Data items
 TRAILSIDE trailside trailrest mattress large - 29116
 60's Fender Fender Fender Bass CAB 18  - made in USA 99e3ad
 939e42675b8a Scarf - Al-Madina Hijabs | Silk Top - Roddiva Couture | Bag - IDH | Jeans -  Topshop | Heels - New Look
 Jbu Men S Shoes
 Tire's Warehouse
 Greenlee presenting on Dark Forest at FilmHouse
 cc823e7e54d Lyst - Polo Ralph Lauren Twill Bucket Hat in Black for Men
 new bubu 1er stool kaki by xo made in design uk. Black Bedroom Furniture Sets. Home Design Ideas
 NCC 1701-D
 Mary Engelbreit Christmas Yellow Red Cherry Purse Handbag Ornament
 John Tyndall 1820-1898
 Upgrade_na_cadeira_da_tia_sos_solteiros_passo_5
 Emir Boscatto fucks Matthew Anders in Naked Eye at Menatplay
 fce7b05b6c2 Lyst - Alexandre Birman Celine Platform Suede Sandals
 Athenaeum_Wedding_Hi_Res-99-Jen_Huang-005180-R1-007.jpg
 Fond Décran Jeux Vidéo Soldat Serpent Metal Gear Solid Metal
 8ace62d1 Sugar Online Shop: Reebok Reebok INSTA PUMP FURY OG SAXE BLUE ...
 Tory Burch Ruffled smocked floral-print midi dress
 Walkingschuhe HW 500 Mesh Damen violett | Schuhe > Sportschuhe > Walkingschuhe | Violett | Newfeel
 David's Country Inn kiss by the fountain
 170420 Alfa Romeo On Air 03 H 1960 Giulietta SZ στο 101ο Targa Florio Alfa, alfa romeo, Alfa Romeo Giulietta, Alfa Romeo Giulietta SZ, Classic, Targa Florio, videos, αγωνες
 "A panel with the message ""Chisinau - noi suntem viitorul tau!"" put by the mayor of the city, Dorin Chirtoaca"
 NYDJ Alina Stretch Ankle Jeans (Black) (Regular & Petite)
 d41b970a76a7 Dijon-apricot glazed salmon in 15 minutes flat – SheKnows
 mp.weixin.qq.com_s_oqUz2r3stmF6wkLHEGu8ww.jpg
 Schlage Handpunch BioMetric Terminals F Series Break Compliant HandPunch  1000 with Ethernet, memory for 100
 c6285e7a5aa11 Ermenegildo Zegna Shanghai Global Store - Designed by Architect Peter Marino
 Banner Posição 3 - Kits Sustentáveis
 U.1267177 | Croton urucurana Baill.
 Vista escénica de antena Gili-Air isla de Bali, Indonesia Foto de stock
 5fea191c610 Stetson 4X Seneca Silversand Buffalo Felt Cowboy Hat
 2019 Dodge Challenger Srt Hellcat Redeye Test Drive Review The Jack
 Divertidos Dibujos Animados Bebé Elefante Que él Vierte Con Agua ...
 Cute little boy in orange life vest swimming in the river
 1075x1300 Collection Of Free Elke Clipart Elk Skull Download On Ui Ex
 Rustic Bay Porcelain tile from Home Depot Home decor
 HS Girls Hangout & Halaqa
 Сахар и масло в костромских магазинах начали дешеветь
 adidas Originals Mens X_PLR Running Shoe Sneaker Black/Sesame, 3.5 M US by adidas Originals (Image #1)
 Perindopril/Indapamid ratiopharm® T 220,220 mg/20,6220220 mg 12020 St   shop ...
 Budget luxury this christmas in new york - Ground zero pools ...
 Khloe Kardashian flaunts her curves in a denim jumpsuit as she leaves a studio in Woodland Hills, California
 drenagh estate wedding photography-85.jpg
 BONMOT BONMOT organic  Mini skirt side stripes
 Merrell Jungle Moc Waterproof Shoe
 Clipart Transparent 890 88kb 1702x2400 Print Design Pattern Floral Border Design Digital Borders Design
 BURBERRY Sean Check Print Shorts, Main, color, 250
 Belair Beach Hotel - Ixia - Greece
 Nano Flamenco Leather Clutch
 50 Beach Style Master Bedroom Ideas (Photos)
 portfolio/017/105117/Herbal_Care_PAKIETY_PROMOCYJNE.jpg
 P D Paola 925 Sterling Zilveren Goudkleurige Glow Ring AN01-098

-- WHAT THE TASK ASKS --
Nothing in the records may change; write them out again in full.

-- RESULT --
 TRAILSIDE trailside trailrest mattress large - 29116
 60's Fender Fender Fender Bass CAB 18  - made in USA 99e3ad
 939e42675b8a Scarf - Al-Madina Hijabs | Silk Top - Roddiva Couture | Bag - IDH | Jeans -  Topshop | Heels - New Look
 Jbu Men S Shoes
 Tire's Warehouse
 Greenlee presenting on Dark Forest at FilmHouse
 cc823e7e54d Lyst - Polo Ralph Lauren Twill Bucket Hat in Black for Men
 new bubu 1er stool kaki by xo made in design uk. Black Bedroom Furniture Sets. Home Design Ideas
 NCC 1701-D
 Mary Engelbreit Christmas Yellow Red Cherry Purse Handbag Ornament
 John Tyndall 1820-1898
 Upgrade_na_cadeira_da_tia_sos_solteiros_passo_5
 Emir Boscatto fucks Matthew Anders in Naked Eye at Menatplay
 fce7b05b6c2 Lyst - Alexandre Birman Celine Platform Suede Sandals
 Athenaeum_Wedding_Hi_Res-99-Jen_Huang-005180-R1-007.jpg
 Fond Décran Jeux Vidéo Soldat Serpent Metal Gear Solid Metal
 8ace62d1 Sugar Online Shop: Reebok Reebok INSTA PUMP FURY OG SAXE BLUE ...
 Tory Burch Ruffled smocked floral-print midi dress
 Walkingschuhe HW 500 Mesh Damen violett | Schuhe > Sportschuhe > Walkingschuhe | Violett | Newfeel
 David's Country Inn kiss by the fountain
 170420 Alfa Romeo On Air 03 H 1960 Giulietta SZ στο 101ο Targa Florio Alfa, alfa romeo, Alfa Romeo Giulietta, Alfa Romeo Giulietta SZ, Classic, Targa Florio, videos, αγωνες
 "A panel with the message ""Chisinau - noi suntem viitorul tau!"" put by the mayor of the city, Dorin Chirtoaca"
 NYDJ Alina Stretch Ankle Jeans (Black) (Regular & Petite)
 d41b970a76a7 Dijon-apricot glazed salmon in 15 minutes flat – SheKnows
 mp.weixin.qq.com_s_oqUz2r3stmF6wkLHEGu8ww.jpg
 Schlage Handpunch BioMetric Terminals F Series Break Compliant HandPunch  1000 with Ethernet, memory for 100
 c6285e7a5aa11 Ermenegildo Zegna Shanghai Global Store - Designed by Architect Peter Marino
 Banner Posição 3 - Kits Sustentáveis
 U.1267177 | Croton urucurana Baill.
 Vista escénica de antena Gili-Air isla de Bali, Indonesia Foto de stock
 5fea191c610 Stetson 4X Seneca Silversand Buffalo Felt Cowboy Hat
 2019 Dodge Challenger Srt Hellcat Redeye Test Drive Review The Jack
 Divertidos Dibujos Animados Bebé Elefante Que él Vierte Con Agua ...
 Cute little boy in orange life vest swimming in the river
 1075x1300 Collection Of Free Elke Clipart Elk Skull Download On Ui Ex
 Rustic Bay Porcelain tile from Home Depot Home decor
 HS Girls Hangout & Halaqa
 Сахар и масло в костромских магазинах начали дешеветь
 adidas Originals Mens X_PLR Running Shoe Sneaker Black/Sesame, 3.5 M US by adidas Originals (Image #1)
 Perindopril/Indapamid ratiopharm® T 220,220 mg/20,6220220 mg 12020 St   shop ...
 Budget luxury this christmas in new york - Ground zero pools ...
 Khloe Kardashian flaunts her curves in a denim jumpsuit as she leaves a studio in Woodland Hills, California
 drenagh estate wedding photography-85.jpg
 BONMOT BONMOT organic  Mini skirt side stripes
 Merrell Jungle Moc Waterproof Shoe
 Clipart Transparent 890 88kb 1702x2400 Print Design Pattern Floral Border Design Digital Borders Design
 BURBERRY Sean Check Print Shorts, Main, color, 250
 Belair Beach Hotel - Ixia - Greece
 Nano Flamenco Leather Clutch
 50 Beach Style Master Bedroom Ideas (Photos)
 portfolio/017/105117/Herbal_Care_PAKIETY_PROMOCYJNE.jpg
 P D Paola 925 Sterling Zilveren Goudkleurige Glow Ring AN01-098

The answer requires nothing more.